### Data extract
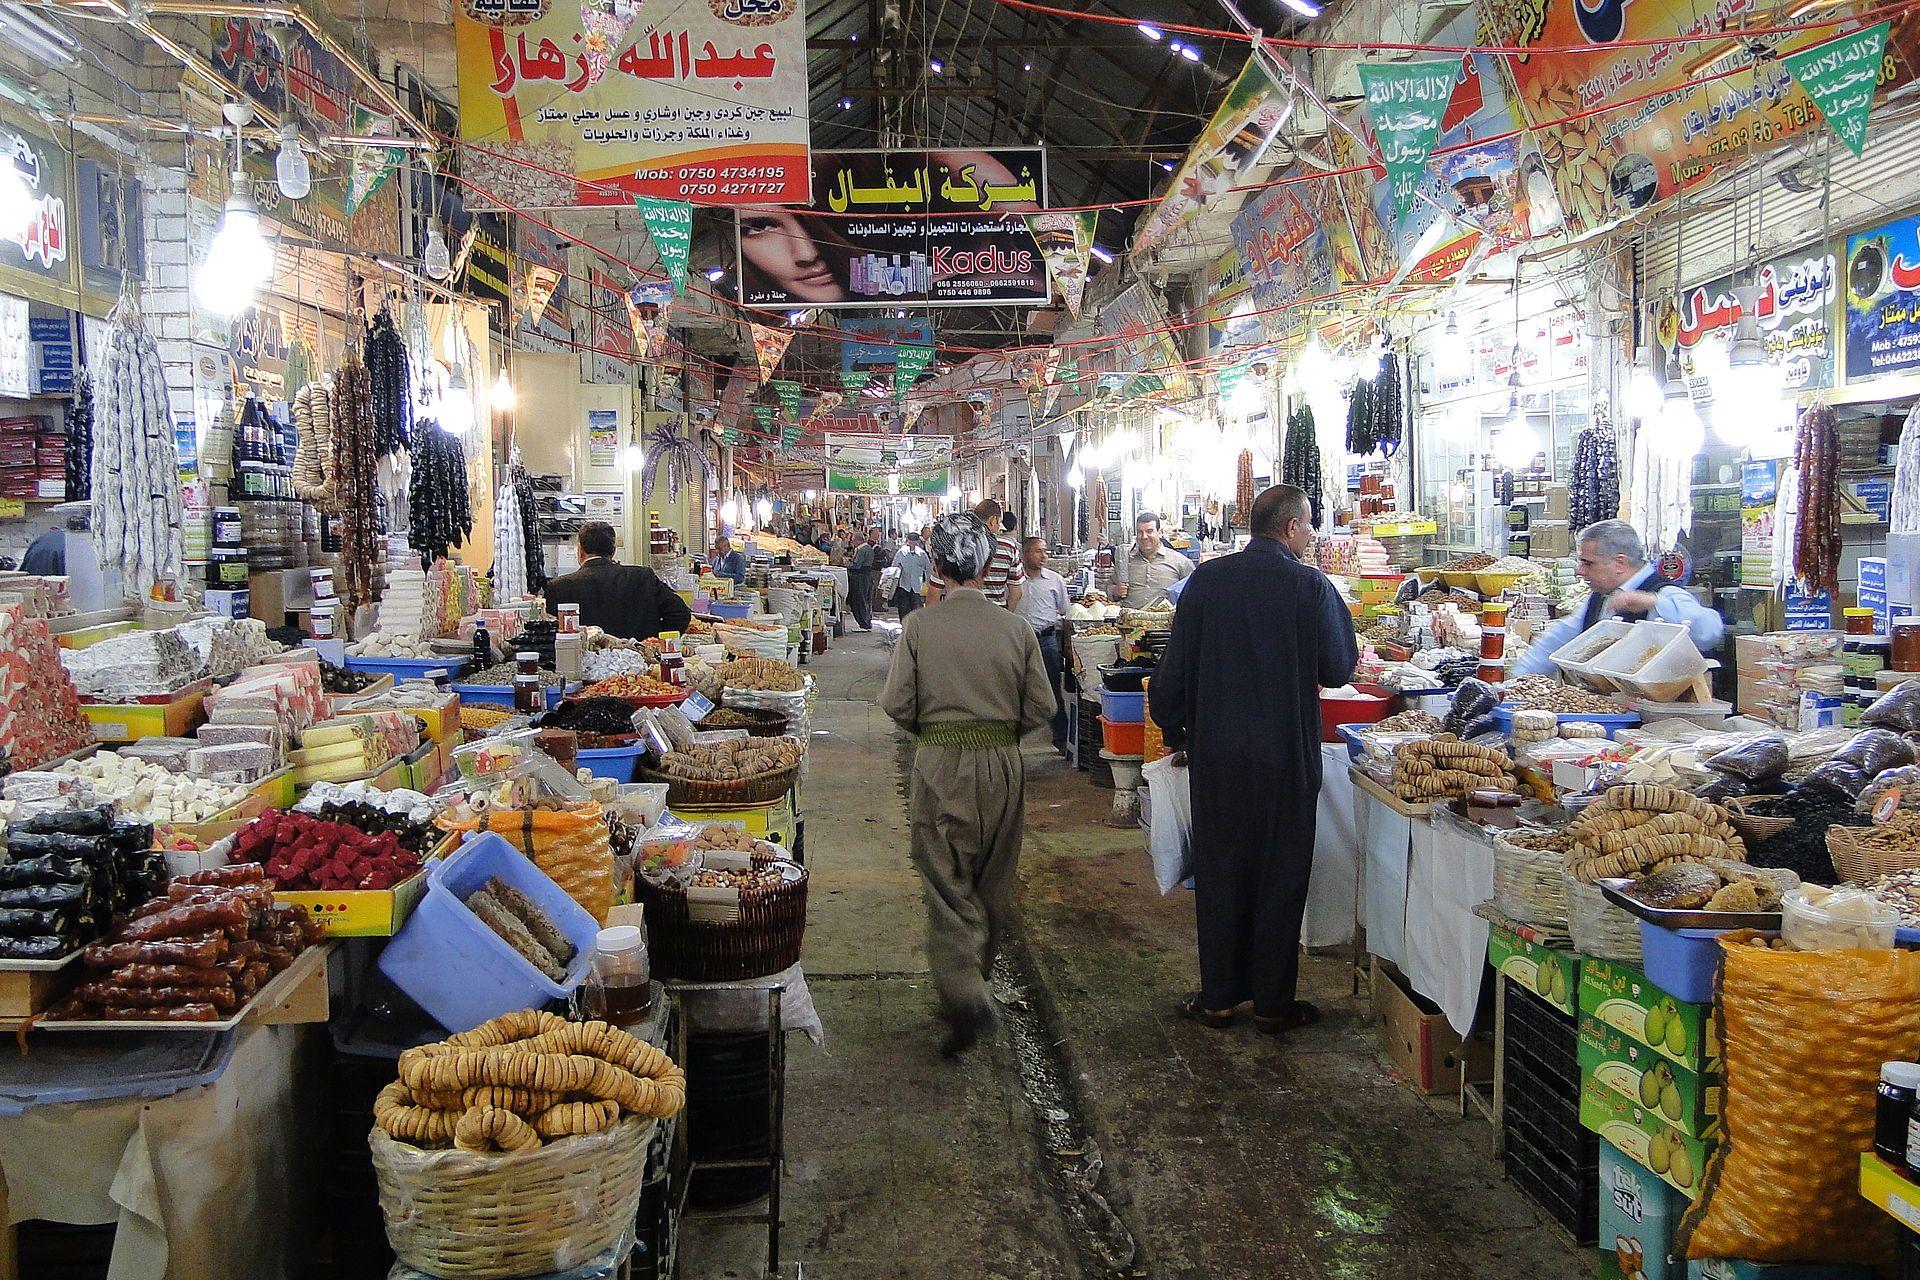 A bazaar in Erbil (ھەولێر Hewlêr), the capital of Iraq's Kurdistan region.
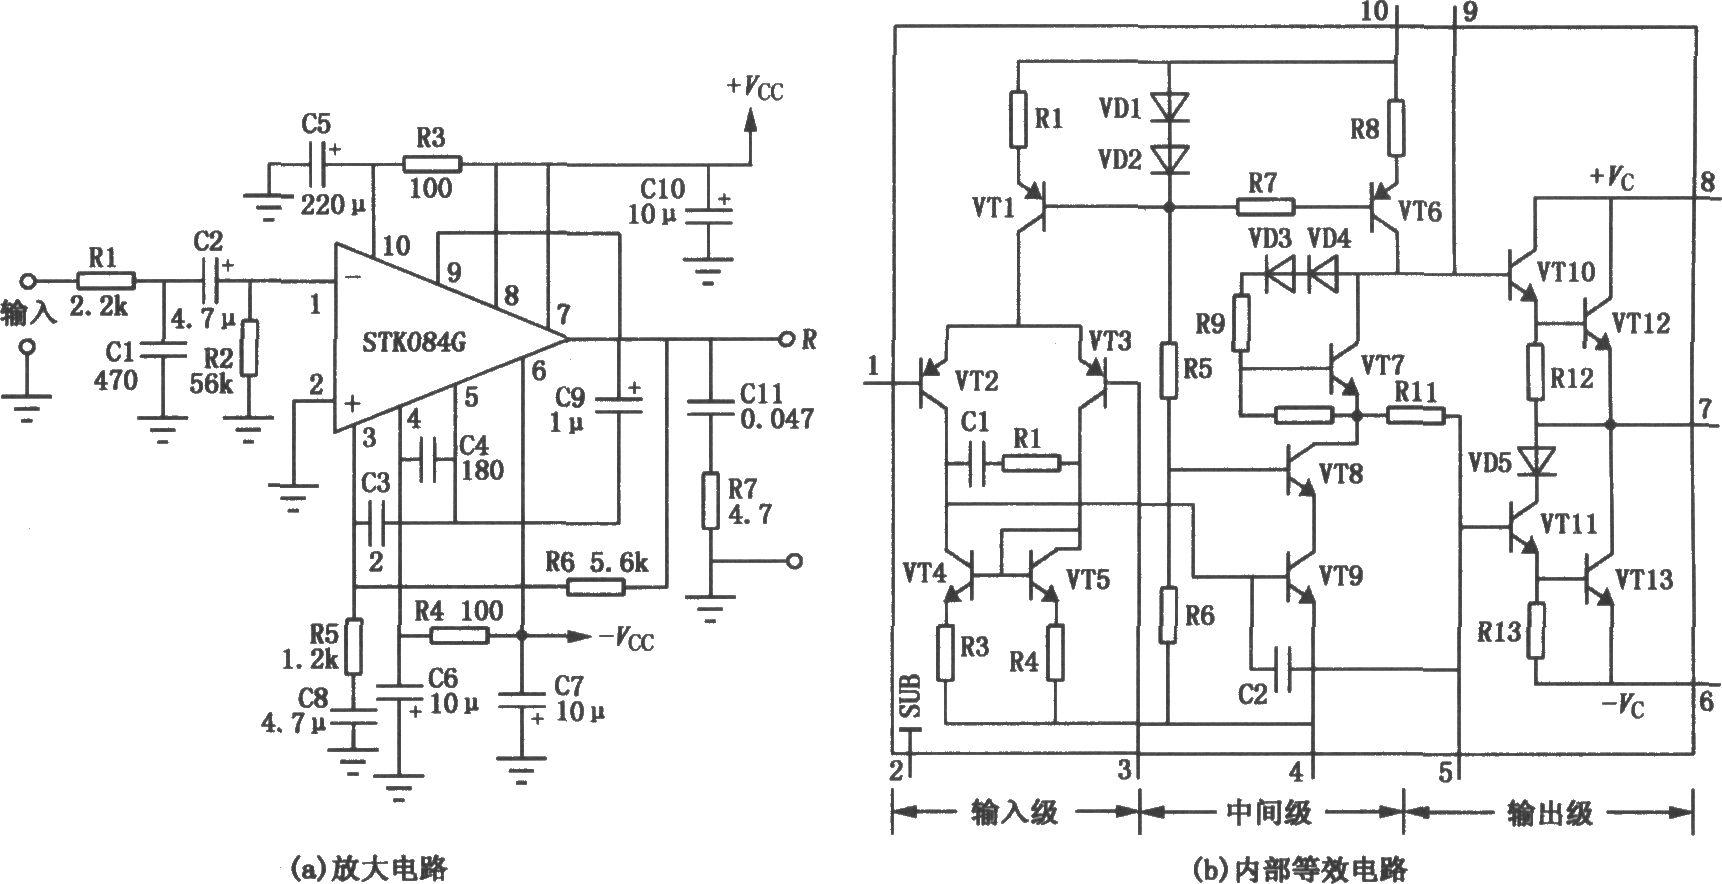 vtl和vt6为恒流偏置电路,可以抑制电源变动对电路的影响.
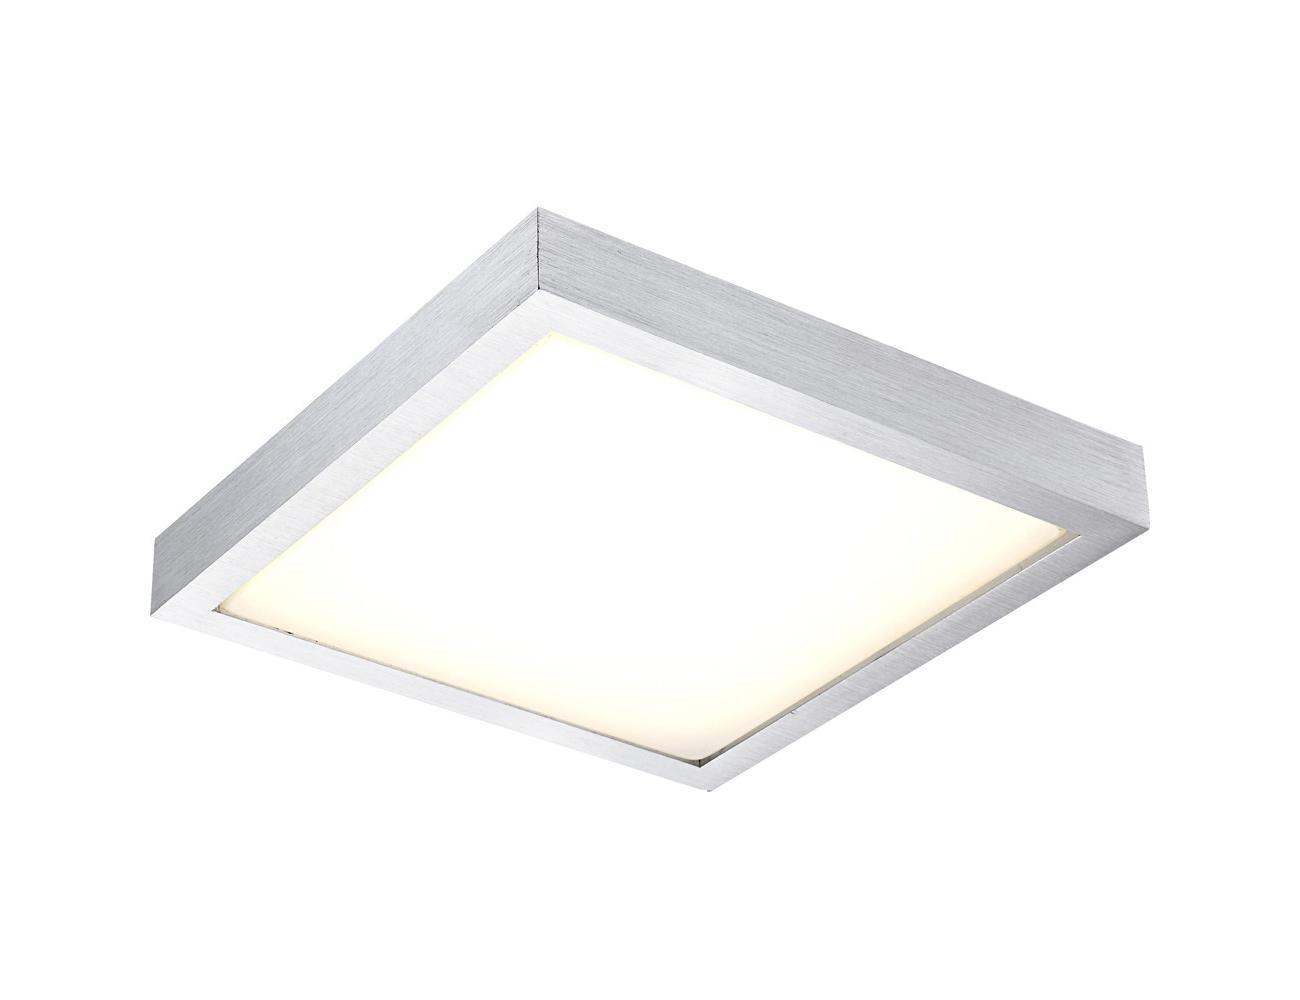 41661 Потолочный светильник TAMINA41661Настенно-потолочный светильник Globo 41661 Tamina идеально подойдет для интерьеров в стиле модерн. Настенно-потолочный Globo-Lighting RUS квадратной формы белого цвета с металлической рамкой цвета алюминий и 1ой лампой цоколя LED макс. 12Ватт (36V) Подойдет для освещения гостинной, спальни, кухни
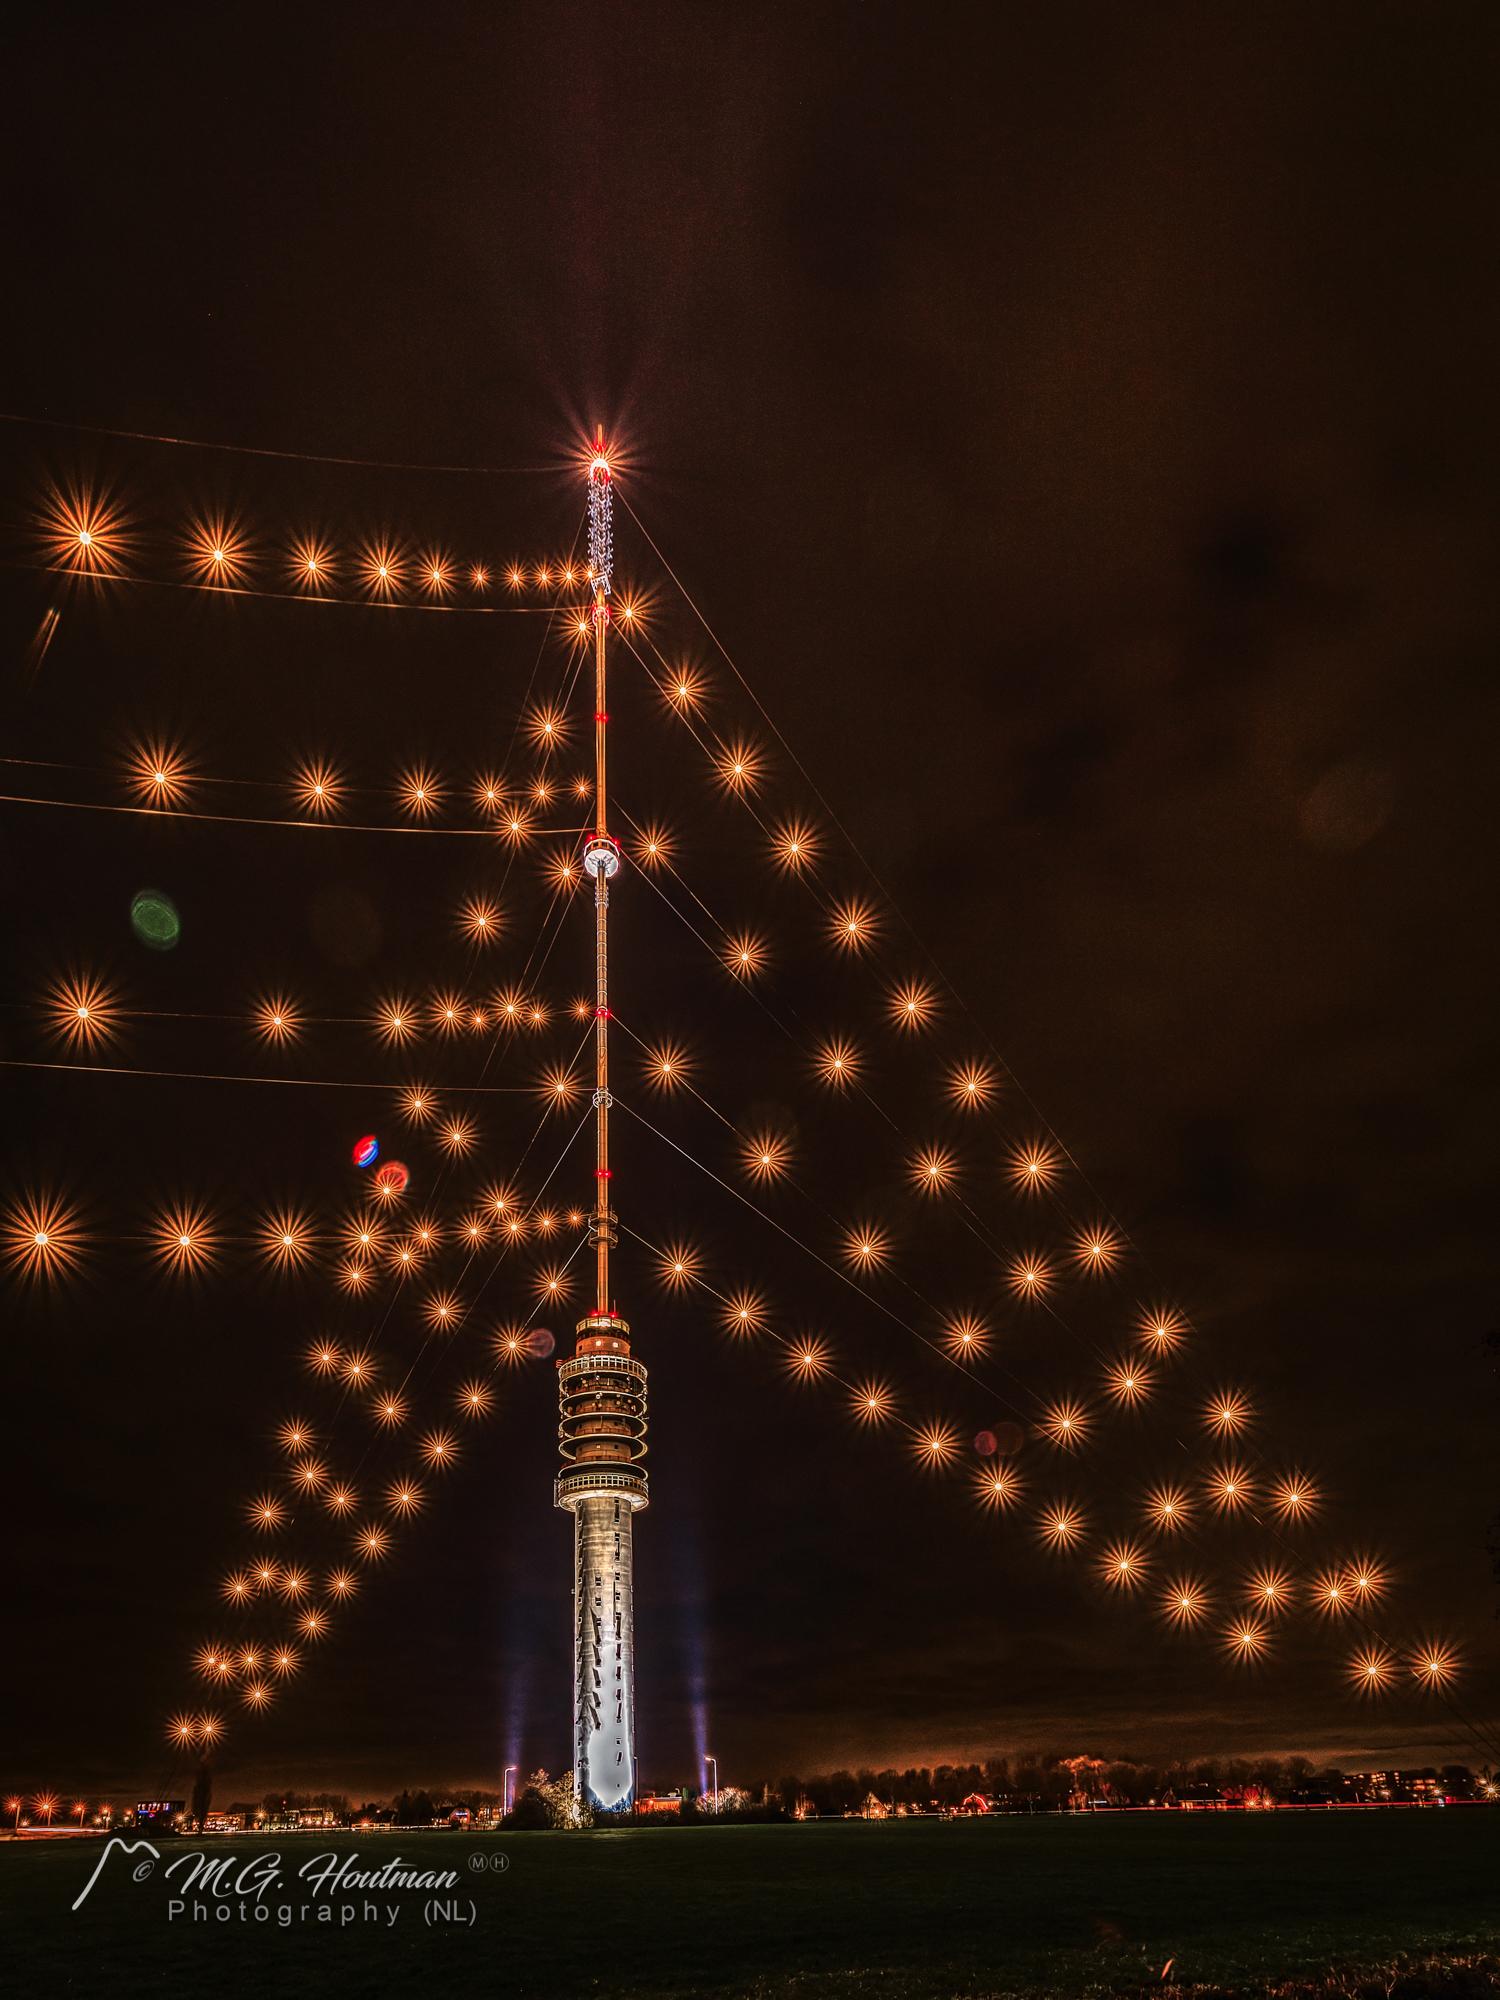 De Gerbrandytoren, ook wel bekend als Zendmast Lopik, is een toren met zendmast in het Nederlandse IJsselstein voor FM-radio- en televisie-uitzendingen. De toren werd op 17 januari 1961 in gebruik genomen en op 9 mei 1961 geopend door koningin Juliana. Met 372 meter is de Gerbrandytoren de hoogste constructie in Nederland.

### What to produce
The expected output is the full material above, word for word, without pictures.

### Answer section
 A bazaar in Erbil (ھەولێر Hewlêr), the capital of Iraq's Kurdistan region.
 vtl和vt6为恒流偏置电路,可以抑制电源变动对电路的影响.
 41661 Потолочный светильник TAMINA41661Настенно-потолочный светильник Globo 41661 Tamina идеально подойдет для интерьеров в стиле модерн. Настенно-потолочный Globo-Lighting RUS квадратной формы белого цвета с металлической рамкой цвета алюминий и 1ой лампой цоколя LED макс. 12Ватт (36V) Подойдет для освещения гостинной, спальни, кухни
 De Gerbrandytoren, ook wel bekend als Zendmast Lopik, is een toren met zendmast in het Nederlandse IJsselstein voor FM-radio- en televisie-uitzendingen. De toren werd op 17 januari 1961 in gebruik genomen en op 9 mei 1961 geopend door koningin Juliana. Met 372 meter is de Gerbrandytoren de hoogste constructie in Nederland.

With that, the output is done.